I woke up the next day and took a shower. I got dressed and went to the kitchen to make myself some breakfast before school. I look in the cabinets for something to make I guess Mom forgot to go shopping this week. I found a package of pop tarts so I just ate that. I got my backpack and left the house. I drove to school in silence just lost in my thoughts. When i got there I went to my locker to go get my books and Dylan was there waiting for me like always.

"Hey Landon" Dylan said as he put his hand on my shoulder.

"umm... Hey Dylan" I said trying to sound a little more manly than normal. I ducked out from his grasp. He was being too touchy.

"I miss you when you left" he said. Was he trying to be seductive? Why did he sounds so weird.

"uh...Okay bro"

He leaned in close to my ear "I can't stop thinking of you and that kiss" he whispered. Okay he was weirding me out.
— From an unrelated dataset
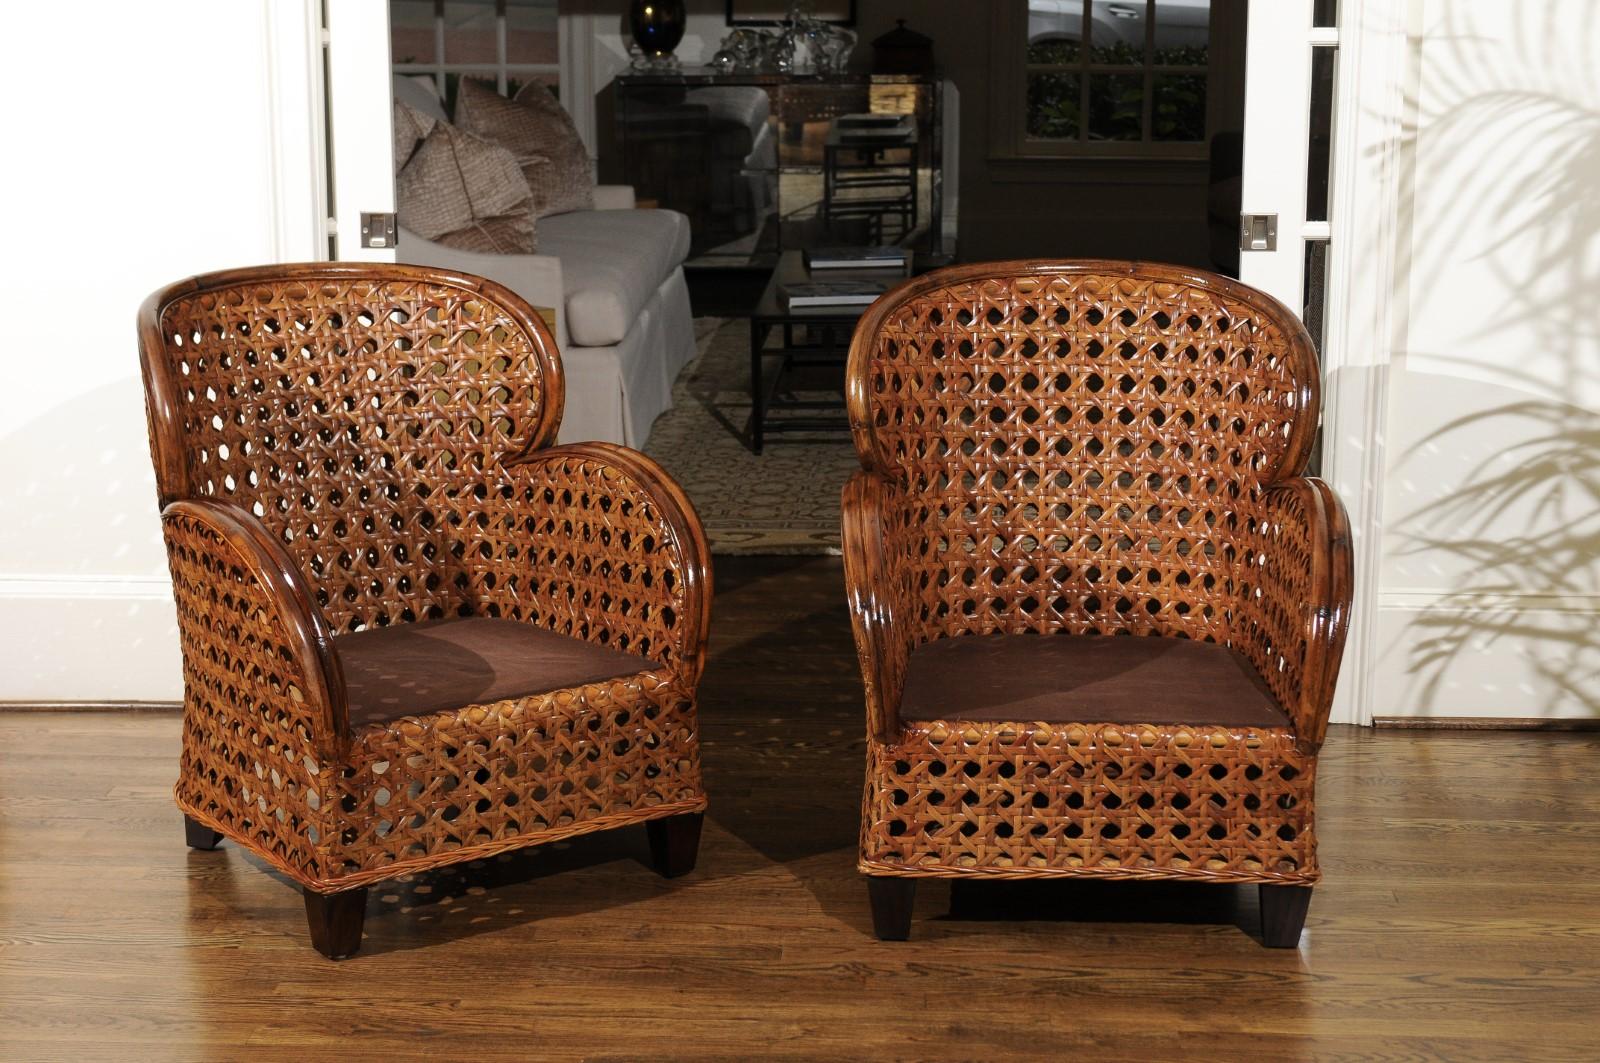 An exquisite restored pair of rattan Art Deco Revival club chairs, circa 1980. Fabulous rattan frame construction completely veneered in heavy French Cane. Design, quality and craftsmanship that is beyond incredible. The pieces have aged to absolute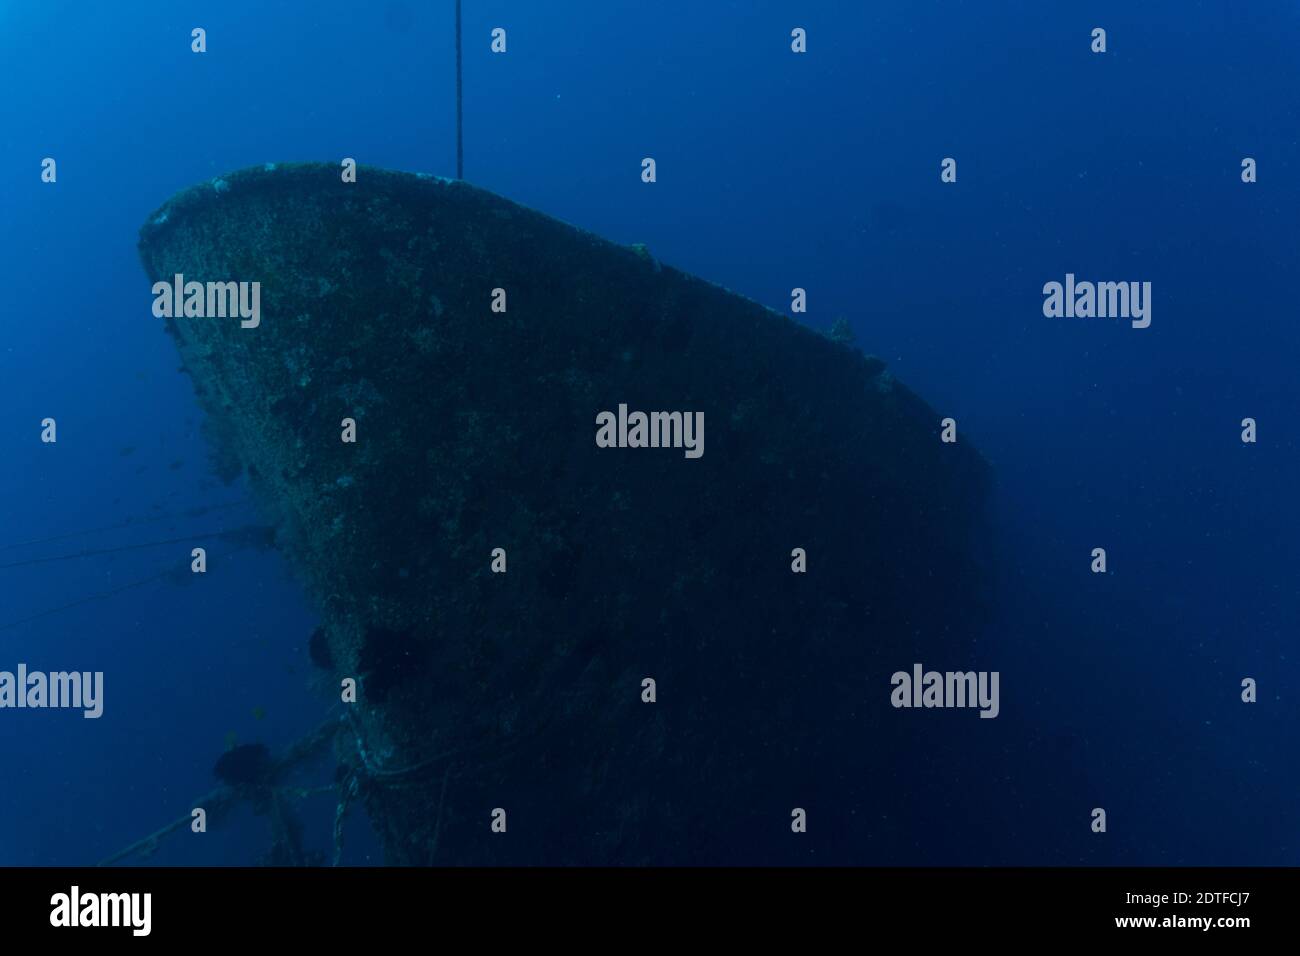 A Shipwreck photographed while scuba diving in Bali (Kubu Wreck Off Amed) Stock Photo

"Sure. Whatever" I said as I walked away. He was making this difficult. I just wanted to be friends. I wanted to forget about what happened.

***Dylans POV***

Why was he acting like nothing happened between us. We fucking kissed! We made out and he was pretending it didn't happen and that it was nothing. Britney said maybe I should try flirting with him. Well THAT obviously was working so well for me. God! It was so easy to get a girl interested in me. I just batted my eyes and flirted and they flocked to me like I was gold. Why couldn't it be that way with Landon? Why did this have to be so hard. Especially because I normally didn't care what anyone thought of me but I love Landon. I wanted him to see me the same way. I guess I just have to step up my game. Maybe I should flirt with him more. I'm great at seducing people. I wonder if that would work? Well I had to try something because I had to have him. I wanted him to be mine.